Uygur Fatih, Sever Celalettin, Tuncer Serhan, Alagöz Şahin
Istanbul, Ankara, and Kocaeli, Turkey From the Department of Plastic and Reconstructive Surgery and Burn Unit, Gülhane Military Medical Academy and Medical Faculty, Haydarpaşa Training Hospital; Department of Plastic and Reconstructive Surgery, Gazi University Medical School; and Department of Plastic and Reconstructive Surgery, Kocaeli University Medical School.
Plast Reconstr Surg. 2009 May;123(5):1544-1552. doi: 10.1097/PRS.0b013e3181a07439.
Full-thickness burns involving the antecubital area result in severe contractures. Functional impairment is inevitable if the affected areas are not managed properly. Proper treatment requires complete release and radical excision of the scar tissue, followed by reconstruction using durable tissue that will not contract during long-term follow-up.
Nine patients with flexion contractures were reconstructed with pedicled thoracodorsal artery perforator flaps between 2004 and 2008. All of the patients were male, and their ages ranged from 20 to 23 years (mean, 21.4 years). The size and orientation of the skin islands were planned according to the defect size and orientation. The size of the flaps varied from 6.5 to 9.0 cm in width (mean, 8.0 cm) and 16.0 to 21.0 cm in length (mean, 20.0 cm). All of the patients were followed up for 6 to 12 months (mean, 9.3 months).
All of the flaps used on the postburn antecubital contractures survived completely. Minimal transient venous congestion occurred in two flaps during the early postoperative period. A complete range of motion at the elbow joint was achieved in all patients by the end of the reconstruction period.
This study revealed that the pedicled thoracodorsal artery perforator flap is a suitable alternative for postburn elbow contractures. A very long pedicle can be obtained to transfer the flap to the antecubital area without tension. With its thin, pliable texture and large size, it adapts well to forearm skin and the donor-site scar is considered cosmetically acceptable.
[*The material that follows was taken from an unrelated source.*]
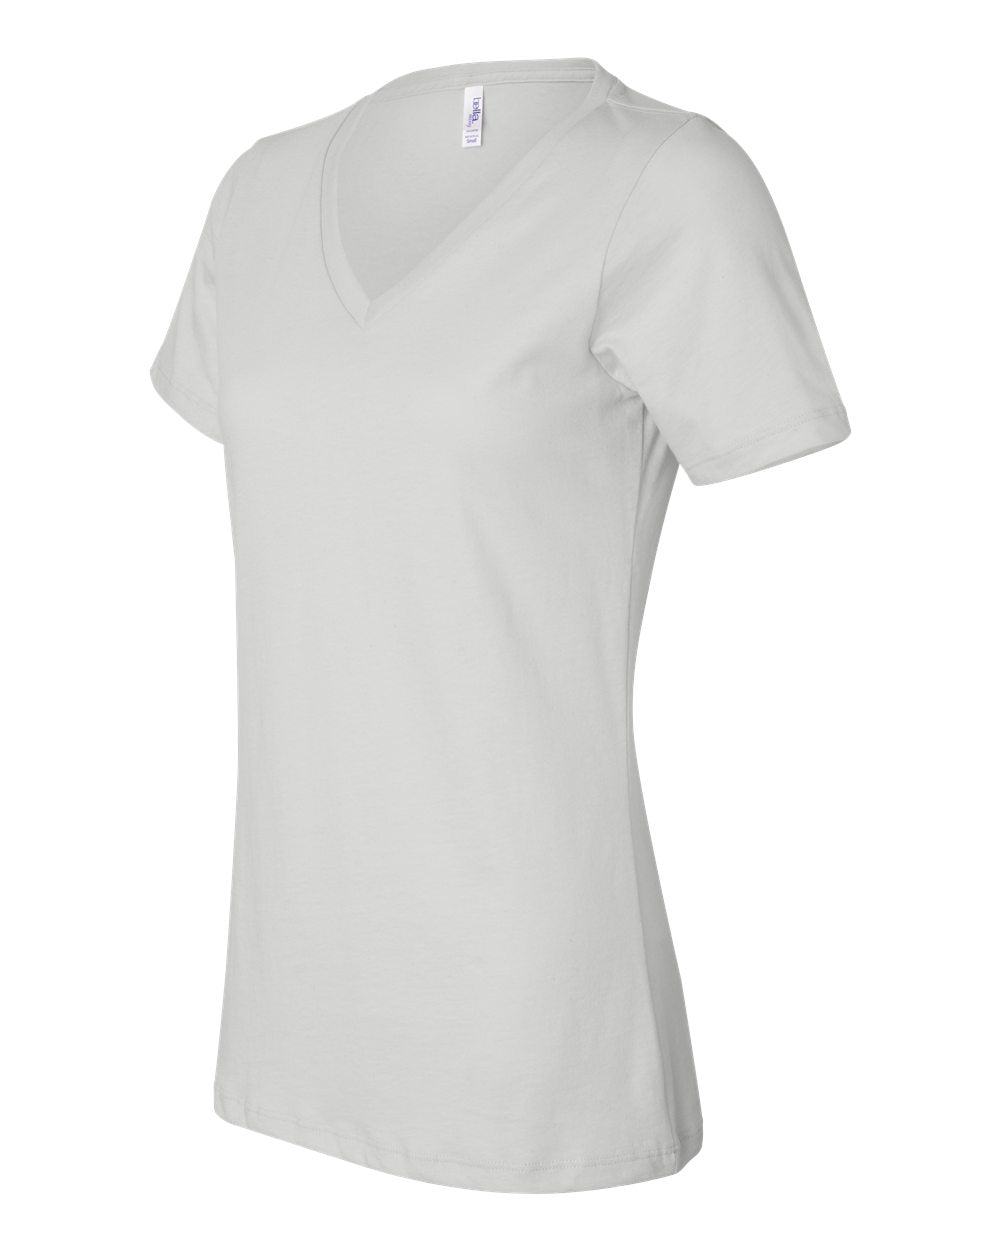 BELLA + CANVAS Women’s Relaxed Jersey V-Neck Tee 6405 #color_White

累及肘前区的全层烧伤会导致严重挛缩。如果对受影响区域处理不当,功能障碍将不可避免。恰当的治疗需要彻底松解并彻底切除瘢痕组织,随后使用在长期随访中不会挛缩的耐用组织进行重建。
2004年至2008年期间,对9例屈曲挛缩患者采用带蒂胸背动脉穿支皮瓣进行重建。所有患者均为男性,年龄在20至23岁之间(平均21.4岁)。根据缺损大小和方向规划皮岛的大小和方向。皮瓣宽度为6.5至9.0厘米(平均8.0厘米),长度为16.0至21.0厘米(平均20.0厘米)。所有患者均随访6至12个月(平均9.3个月)。
用于烧伤后肘前挛缩的所有皮瓣均完全存活。术后早期,两片皮瓣出现轻微短暂性静脉淤血。到重建期结束时,所有患者的肘关节均实现了完全的活动范围。
本研究表明,带蒂胸背动脉穿支皮瓣是烧伤后肘部挛缩的合适替代方案。可获得非常长的蒂,将皮瓣转移至肘前区时无张力。其质地薄且柔韧、面积大,能很好地适应前臂皮肤,供区瘢痕在美容方面可接受。